Items from a dataset:
----------
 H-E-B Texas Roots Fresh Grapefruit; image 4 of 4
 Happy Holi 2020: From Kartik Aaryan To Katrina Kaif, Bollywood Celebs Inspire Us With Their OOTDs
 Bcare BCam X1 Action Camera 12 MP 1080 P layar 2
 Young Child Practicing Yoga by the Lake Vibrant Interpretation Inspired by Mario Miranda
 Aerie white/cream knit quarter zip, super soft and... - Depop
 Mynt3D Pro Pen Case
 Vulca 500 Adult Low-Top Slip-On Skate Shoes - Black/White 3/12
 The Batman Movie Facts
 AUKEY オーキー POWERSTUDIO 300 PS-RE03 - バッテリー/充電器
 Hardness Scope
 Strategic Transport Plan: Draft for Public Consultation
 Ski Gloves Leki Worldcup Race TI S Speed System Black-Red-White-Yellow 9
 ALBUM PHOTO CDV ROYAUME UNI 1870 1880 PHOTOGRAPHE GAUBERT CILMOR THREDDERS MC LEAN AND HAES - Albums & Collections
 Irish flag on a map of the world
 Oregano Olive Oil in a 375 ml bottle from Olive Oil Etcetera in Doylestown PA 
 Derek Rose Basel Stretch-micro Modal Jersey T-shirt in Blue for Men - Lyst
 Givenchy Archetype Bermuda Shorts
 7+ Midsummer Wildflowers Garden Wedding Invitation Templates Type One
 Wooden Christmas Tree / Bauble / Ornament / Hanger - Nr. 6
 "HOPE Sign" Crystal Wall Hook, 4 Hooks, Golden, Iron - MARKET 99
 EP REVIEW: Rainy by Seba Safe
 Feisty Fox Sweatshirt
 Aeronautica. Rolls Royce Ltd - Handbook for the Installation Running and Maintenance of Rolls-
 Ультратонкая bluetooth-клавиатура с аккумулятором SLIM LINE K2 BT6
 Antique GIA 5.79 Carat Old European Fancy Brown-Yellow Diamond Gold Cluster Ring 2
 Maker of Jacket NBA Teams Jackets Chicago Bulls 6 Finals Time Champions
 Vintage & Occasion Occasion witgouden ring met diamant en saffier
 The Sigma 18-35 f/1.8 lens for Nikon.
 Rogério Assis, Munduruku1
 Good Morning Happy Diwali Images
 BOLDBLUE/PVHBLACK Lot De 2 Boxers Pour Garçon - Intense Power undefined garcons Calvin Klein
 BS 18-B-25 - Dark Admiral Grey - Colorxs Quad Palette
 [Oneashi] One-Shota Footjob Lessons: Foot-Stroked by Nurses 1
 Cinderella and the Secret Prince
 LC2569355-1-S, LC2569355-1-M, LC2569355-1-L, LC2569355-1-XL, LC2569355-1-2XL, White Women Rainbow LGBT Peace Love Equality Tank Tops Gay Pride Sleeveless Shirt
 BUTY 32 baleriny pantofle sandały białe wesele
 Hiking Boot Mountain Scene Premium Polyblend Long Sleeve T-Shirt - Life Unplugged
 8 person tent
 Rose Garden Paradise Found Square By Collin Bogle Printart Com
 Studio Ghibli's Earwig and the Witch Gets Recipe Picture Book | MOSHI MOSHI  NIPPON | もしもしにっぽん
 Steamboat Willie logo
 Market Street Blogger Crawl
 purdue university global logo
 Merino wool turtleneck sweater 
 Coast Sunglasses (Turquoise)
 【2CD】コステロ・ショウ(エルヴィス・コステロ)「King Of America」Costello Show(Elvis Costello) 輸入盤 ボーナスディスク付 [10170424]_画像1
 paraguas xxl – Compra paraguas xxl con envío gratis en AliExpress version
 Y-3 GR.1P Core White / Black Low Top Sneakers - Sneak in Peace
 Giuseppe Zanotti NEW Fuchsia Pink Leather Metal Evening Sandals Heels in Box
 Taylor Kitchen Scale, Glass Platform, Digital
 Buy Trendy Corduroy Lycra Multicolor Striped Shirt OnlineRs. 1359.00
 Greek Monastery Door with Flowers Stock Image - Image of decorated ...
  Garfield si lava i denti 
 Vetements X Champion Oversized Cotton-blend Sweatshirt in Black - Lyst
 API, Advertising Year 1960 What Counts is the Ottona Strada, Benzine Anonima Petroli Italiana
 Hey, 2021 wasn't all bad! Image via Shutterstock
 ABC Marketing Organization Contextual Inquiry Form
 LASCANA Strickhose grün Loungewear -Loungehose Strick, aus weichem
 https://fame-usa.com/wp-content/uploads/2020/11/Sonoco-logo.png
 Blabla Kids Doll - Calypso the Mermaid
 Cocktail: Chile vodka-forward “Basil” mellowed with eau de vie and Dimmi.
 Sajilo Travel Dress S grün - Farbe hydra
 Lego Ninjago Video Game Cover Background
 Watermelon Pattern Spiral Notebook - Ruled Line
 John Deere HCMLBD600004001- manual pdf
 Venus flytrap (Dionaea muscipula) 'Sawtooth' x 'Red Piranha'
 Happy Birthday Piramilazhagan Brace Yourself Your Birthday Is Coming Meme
----------
## Exercise goal:
The lines above from the one containing "Happy Holi 2020: From" through the one containing "Ski Gloves Leki" are to be set down exactly, and no others.

## Response to the exercise:
 Happy Holi 2020: From Kartik Aaryan To Katrina Kaif, Bollywood Celebs Inspire Us With Their OOTDs
 Bcare BCam X1 Action Camera 12 MP 1080 P layar 2
 Young Child Practicing Yoga by the Lake Vibrant Interpretation Inspired by Mario Miranda
 Aerie white/cream knit quarter zip, super soft and... - Depop
 Mynt3D Pro Pen Case
 Vulca 500 Adult Low-Top Slip-On Skate Shoes - Black/White 3/12
 The Batman Movie Facts
 AUKEY オーキー POWERSTUDIO 300 PS-RE03 - バッテリー/充電器
 Hardness Scope
 Strategic Transport Plan: Draft for Public Consultation
 Ski Gloves Leki Worldcup Race TI S Speed System Black-Red-White-Yellow 9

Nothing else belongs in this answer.